The USPCC has historically supported wartime soldiers, starting with the inexpensive Canteen brand of cards during the Spanish–American War and the Pickett brand during World War I. During World War II, USPCC manufactured spotter cards so soldiers could identify enemy units and cooperated with the U.S. Government in creating clandestine decks given to POWs; these cards could be moistened and peeled apart to reveal escape maps.

In May 2011, Marc Hill was named president of The United States Playing Cards Company. In October 2011, the United States Playing Card Company in a partnership with Encore Software announced that they are launching the 2012 Hoyle product line - Hoyle Card Games 2012, Hoyle Casino Games 2012 and Hoyle Puzzle & Board Games 2012.

===Acquisitions===
Through the years, USPCC has acquired many smaller playing card manufacturers, beginning in 1894 when it absorbed the Standard Playing Card Company of Chicago, the Perfection Playing Card Company of Philadelphia, and the New York Consolidated Card Company.

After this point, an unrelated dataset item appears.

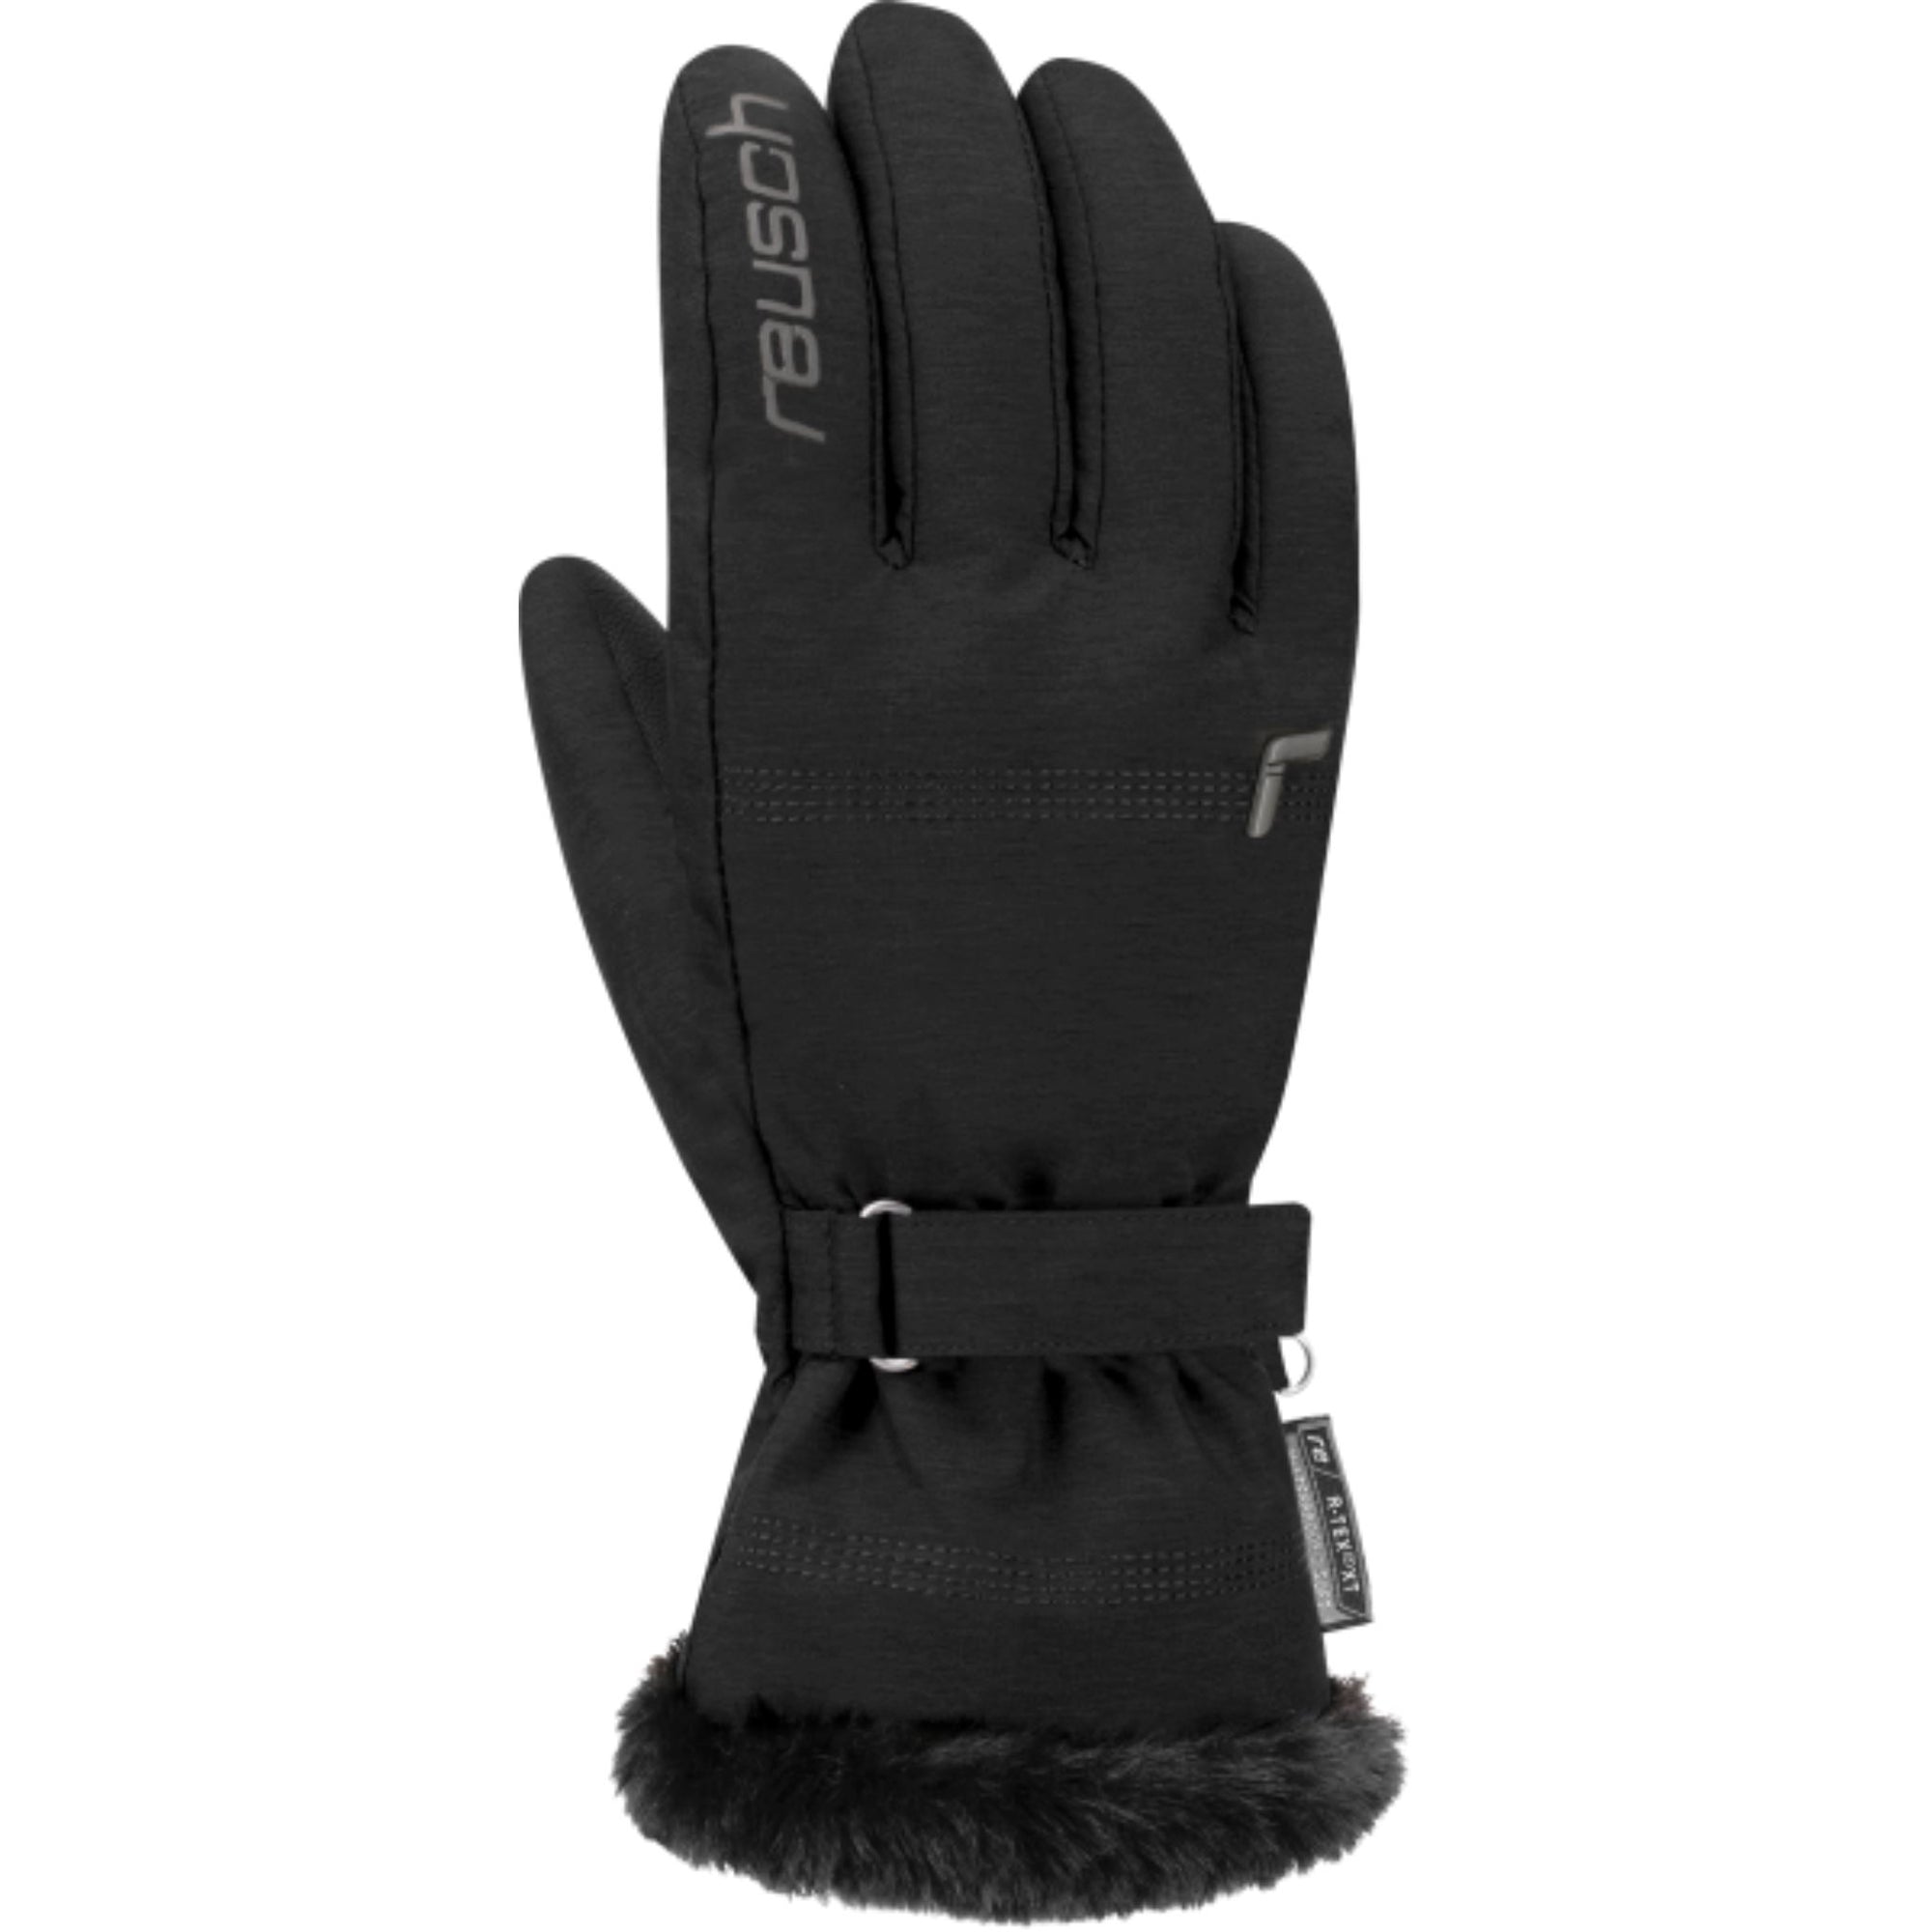 Womens Reusch Luna R-TEX XT - Black Gloves Reusch XS / 6.5

The latter was the maker of the Bee brand and innovators of the "squeezer" card indices in the corners, which became a standard element of playing cards worldwide.

Acquisitions continued in 1907 with the purchase of Andrew Dougherty, adding the Tally-Ho brand, and in 1929 with Russell Playing Card Company, adding the Aristocrat brand. In 1930, New York Consolidated, Andrew Dougherty, and Standard Playing Card Company were merged into a single subsidiary called Consolidated-Dougherty which continued to produce brands from all three predecessors, including Aristocrat, Bee, and Tally-Ho.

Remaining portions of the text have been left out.